§ **Work instruction**: For the entries below, copy exactly the line that contains "Another close up" through the line that contains "Board free game adult", both ends included, and exclude all pictures.
===== Extracted entries =====
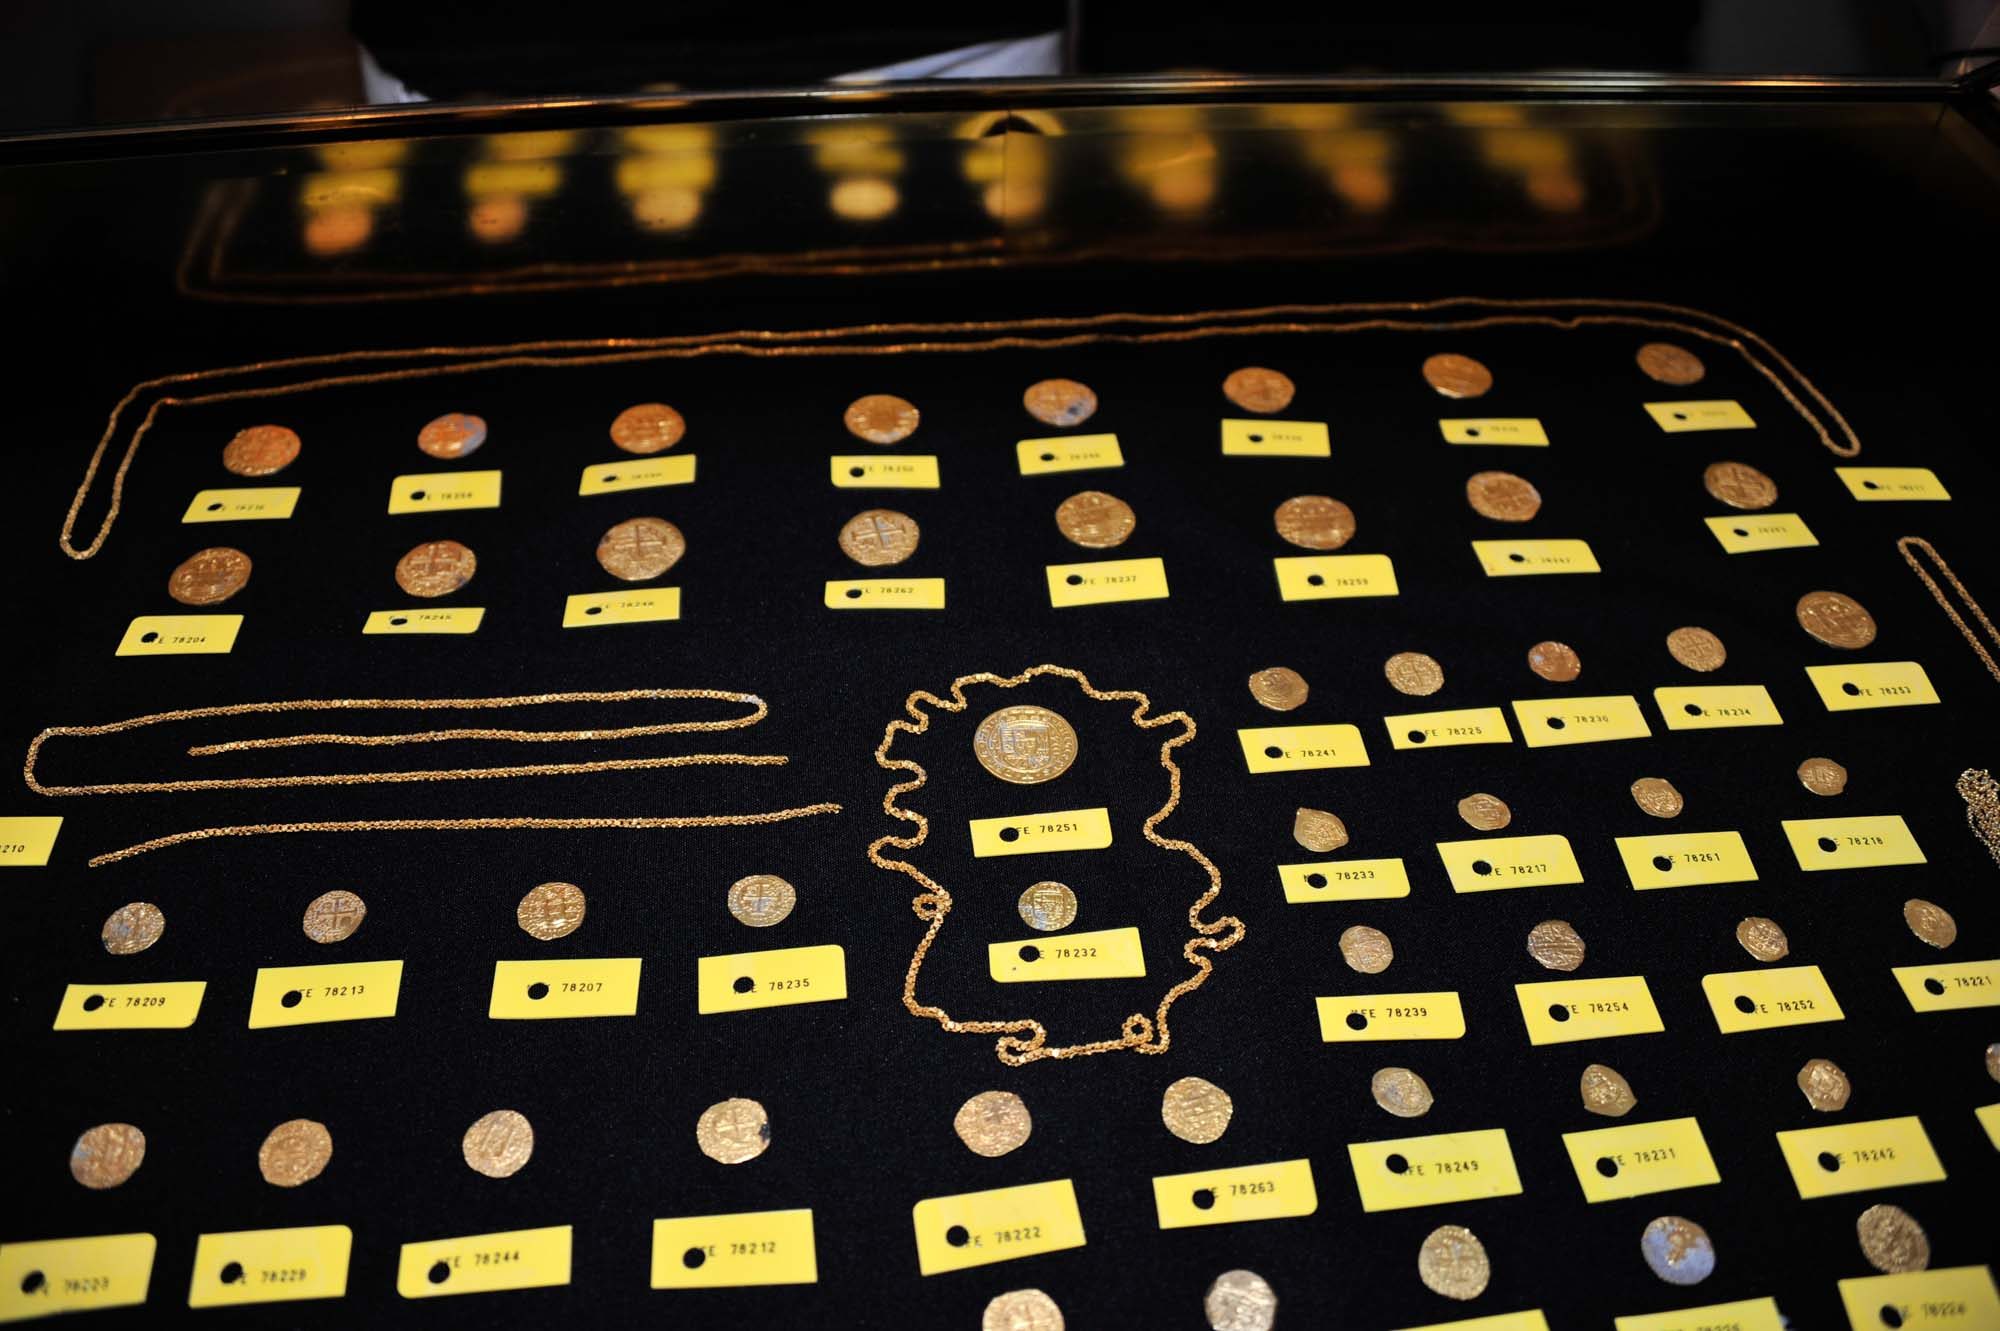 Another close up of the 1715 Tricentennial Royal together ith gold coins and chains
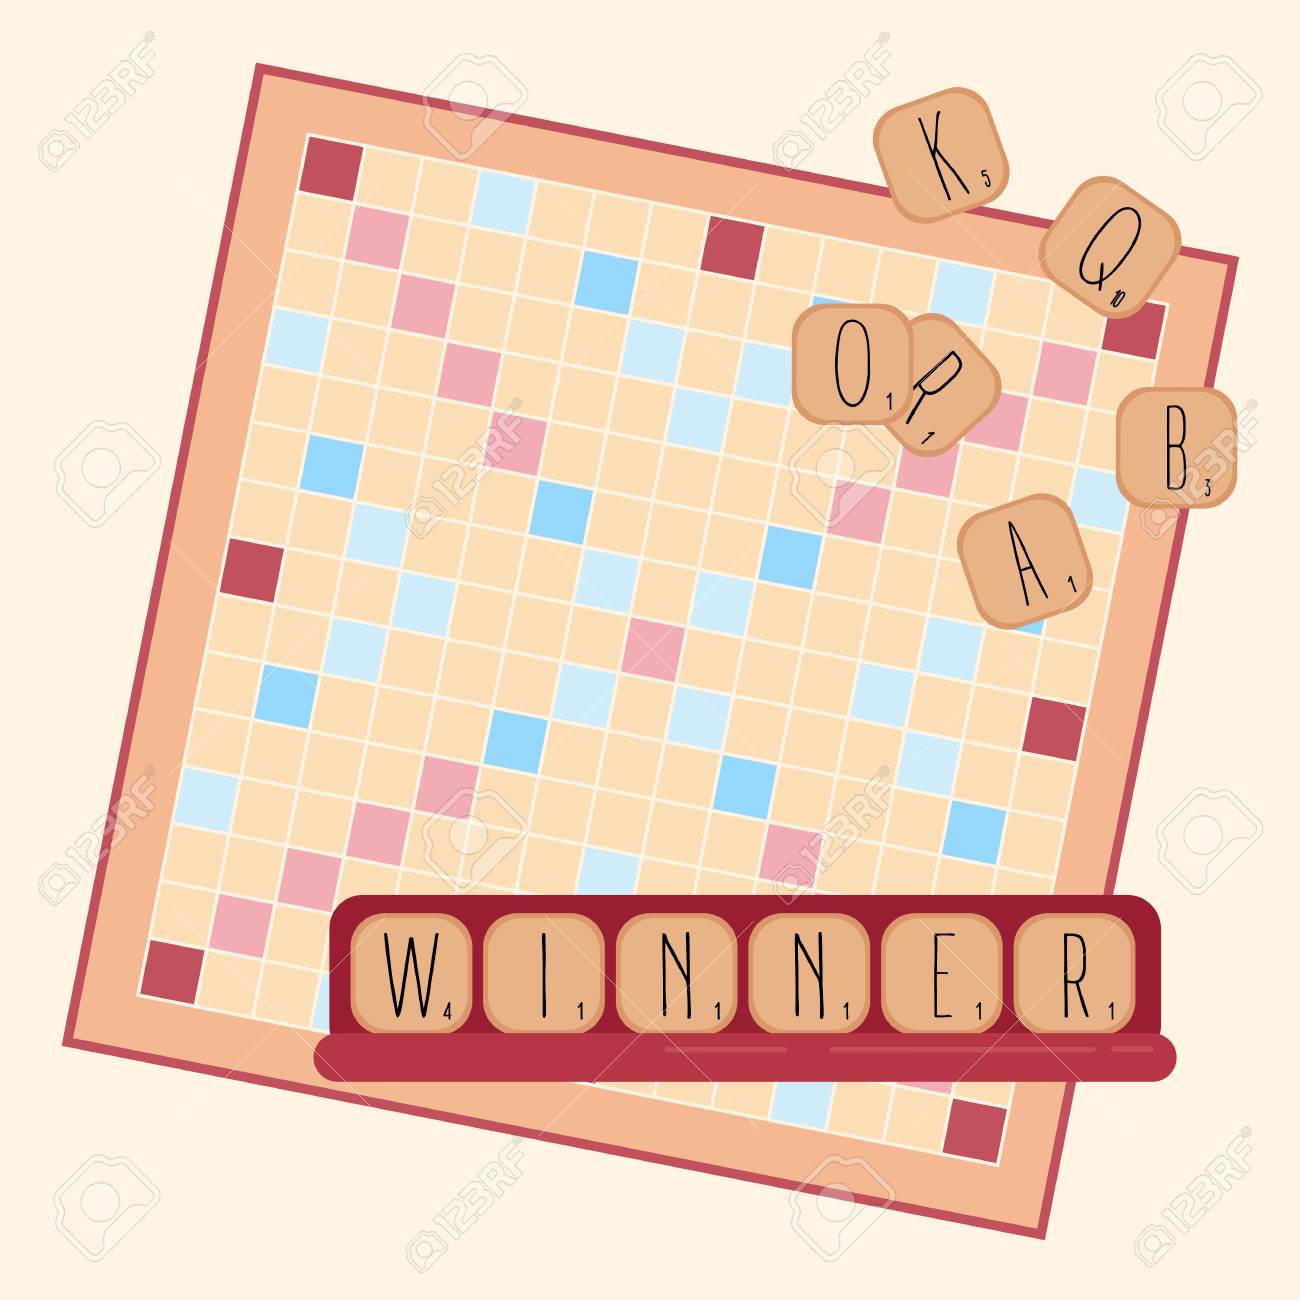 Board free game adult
=====
===== Extracted entries =====
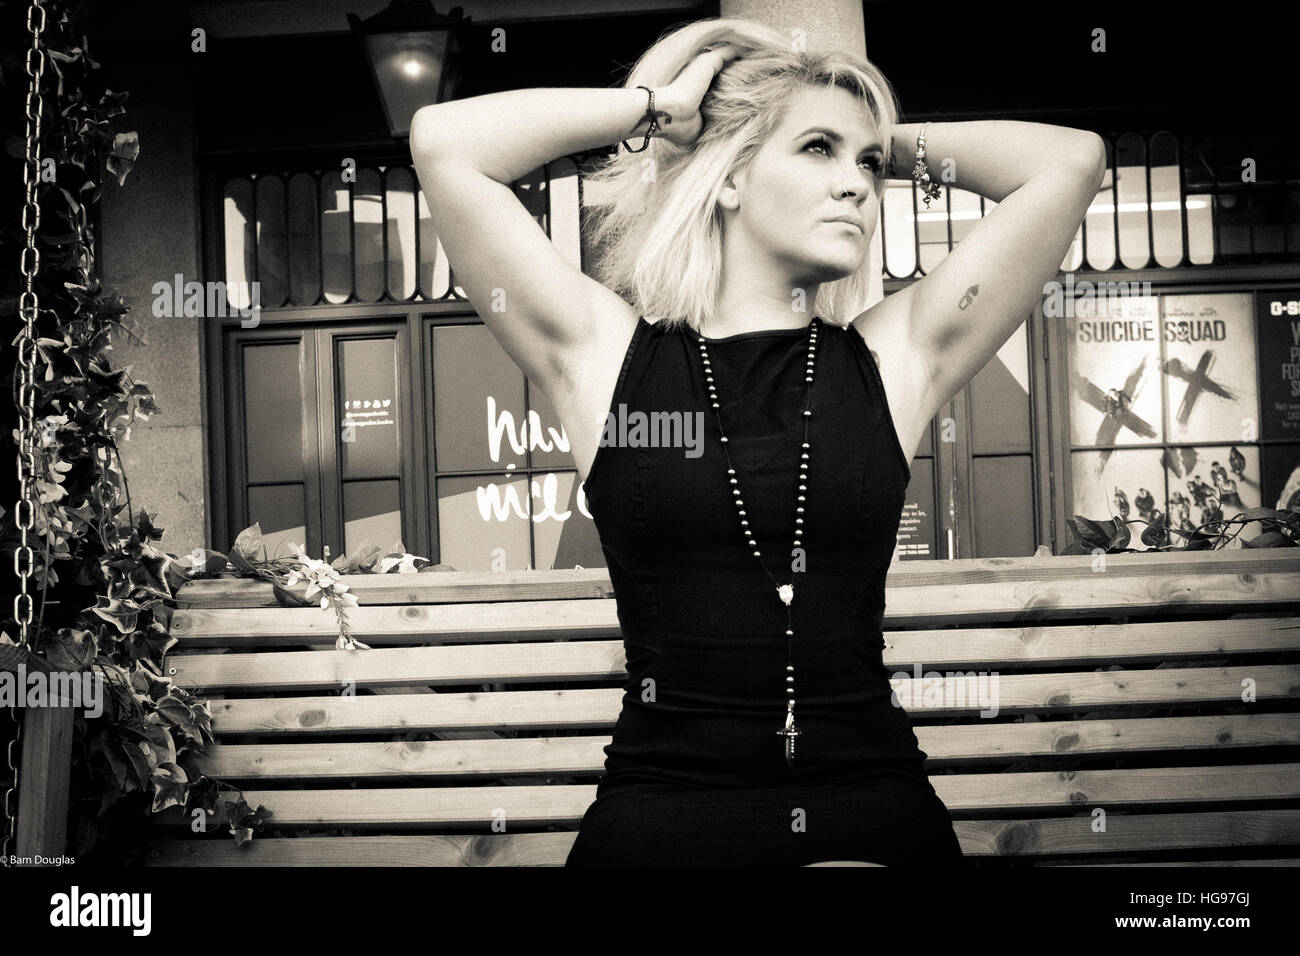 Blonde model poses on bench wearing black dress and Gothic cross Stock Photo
=====
§ **Exercise solution**:
 Another close up of the 1715 Tricentennial Royal together ith gold coins and chains
 Board free game adult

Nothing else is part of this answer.